→ **The data**:
━━━━━━━━━━

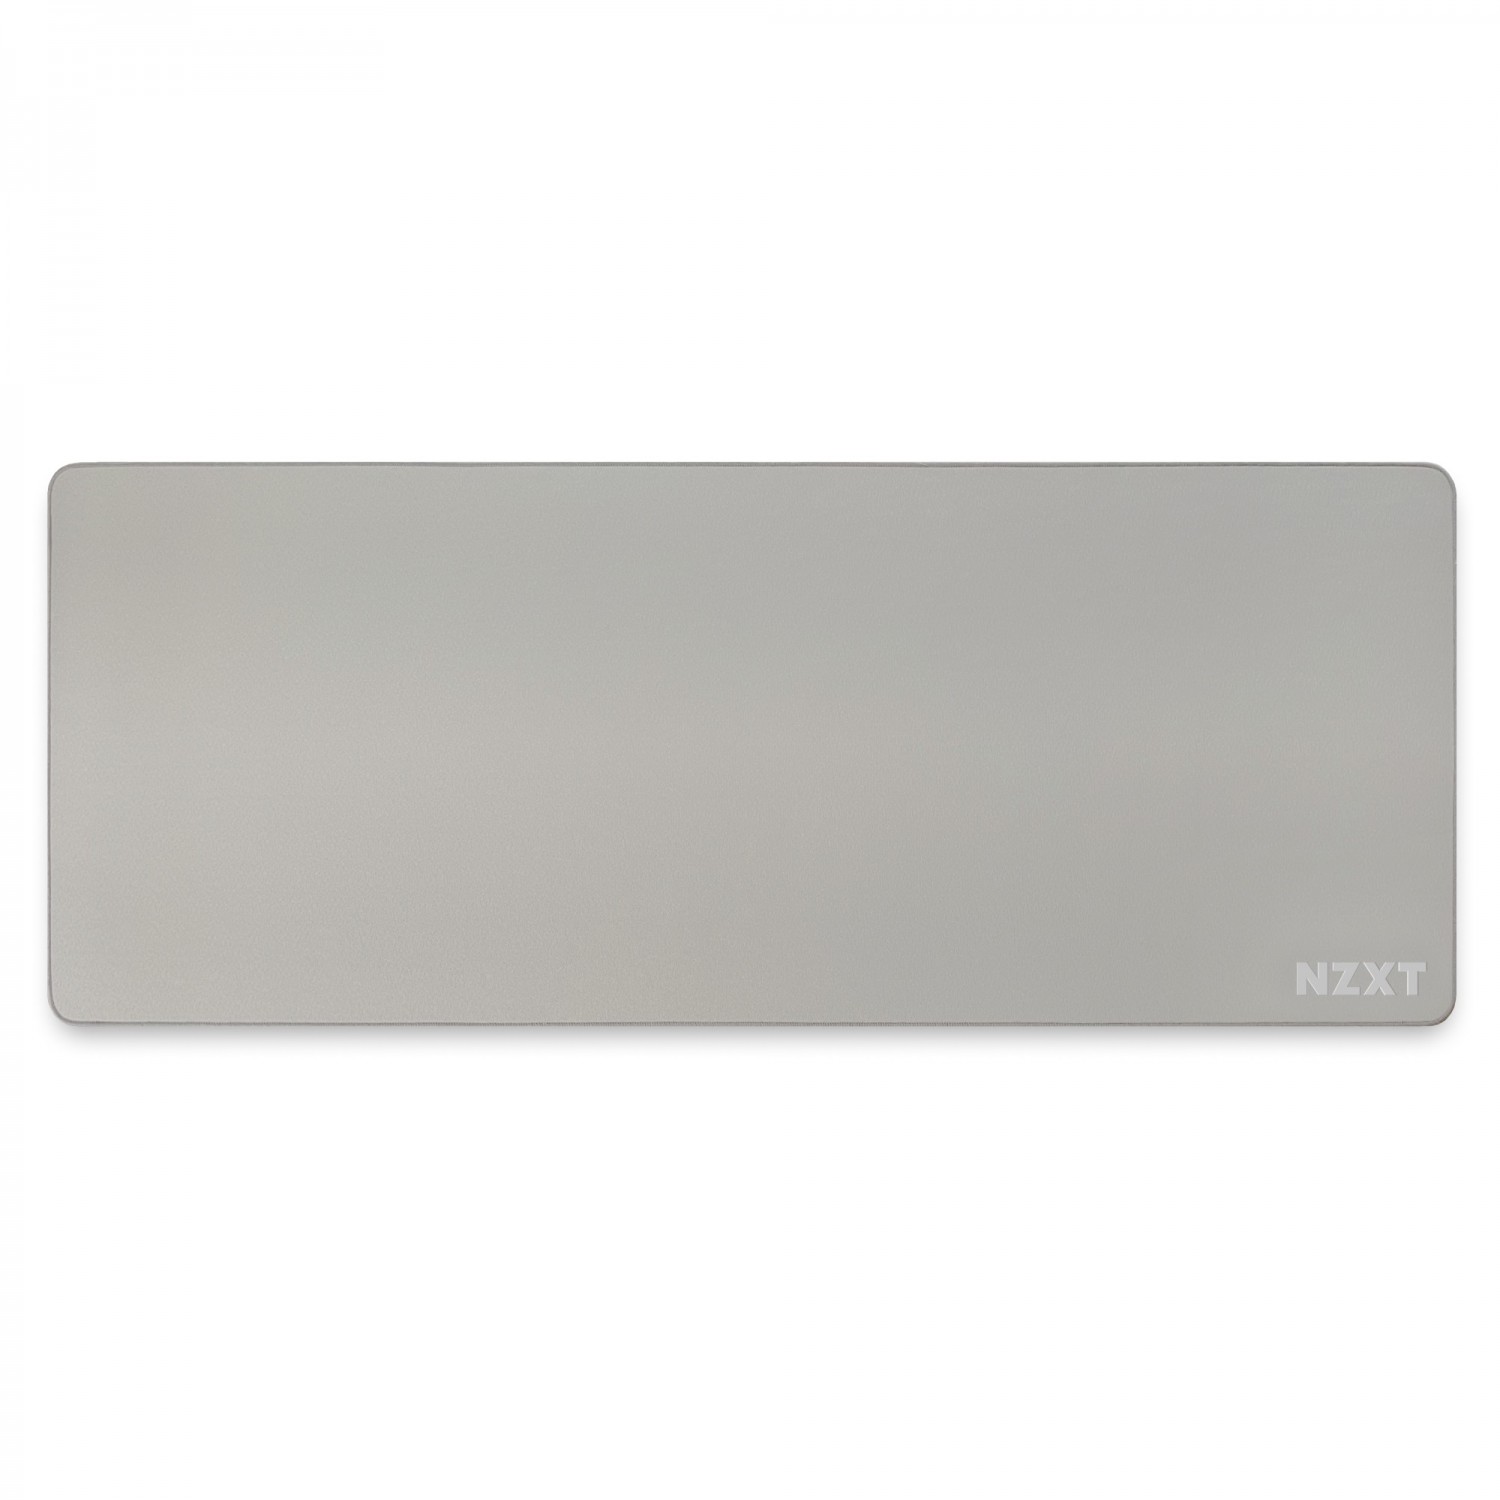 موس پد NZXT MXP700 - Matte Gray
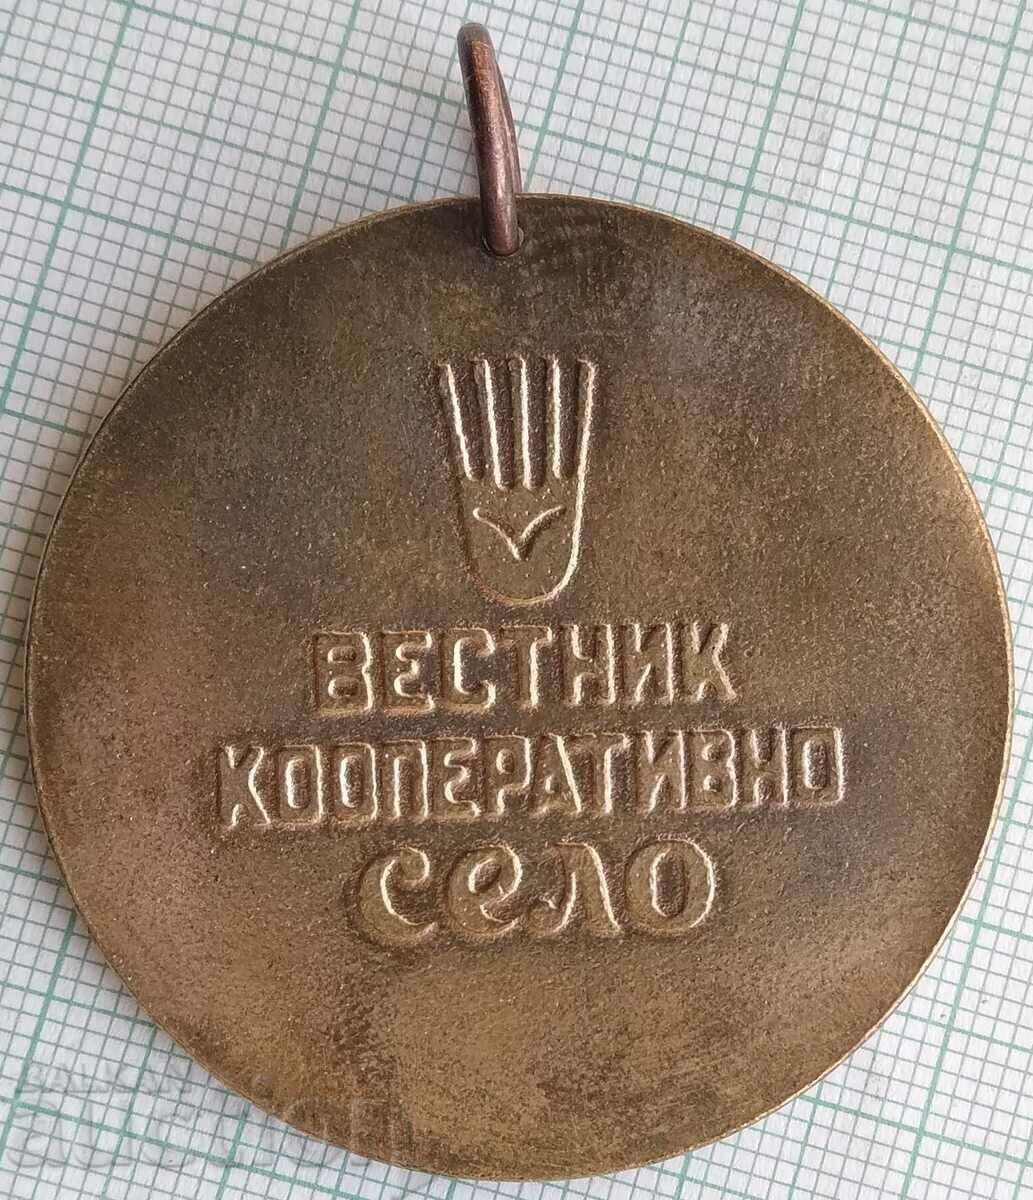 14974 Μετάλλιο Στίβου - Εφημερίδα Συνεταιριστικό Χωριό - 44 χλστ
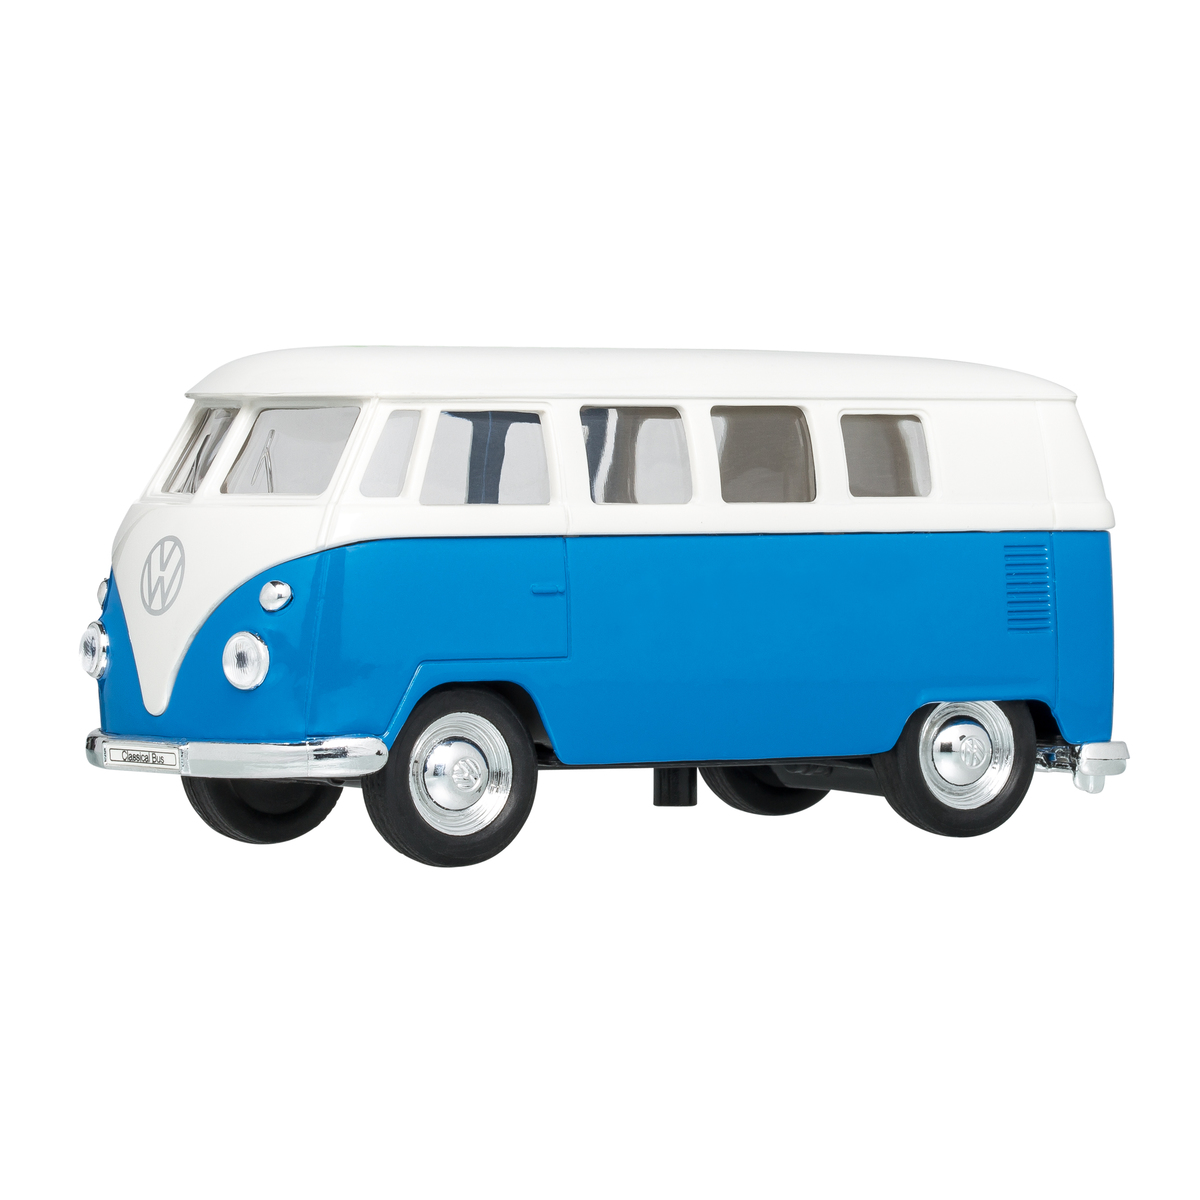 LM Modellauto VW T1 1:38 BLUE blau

━━━━━━━━━━

Every line above goes into the copy unchanged; the pictures do not.

→ **Solution for this problem**:
 موس پد NZXT MXP700 - Matte Gray
 14974 Μετάλλιο Στίβου - Εφημερίδα Συνεταιριστικό Χωριό - 44 χλστ
 LM Modellauto VW T1 1:38 BLUE blau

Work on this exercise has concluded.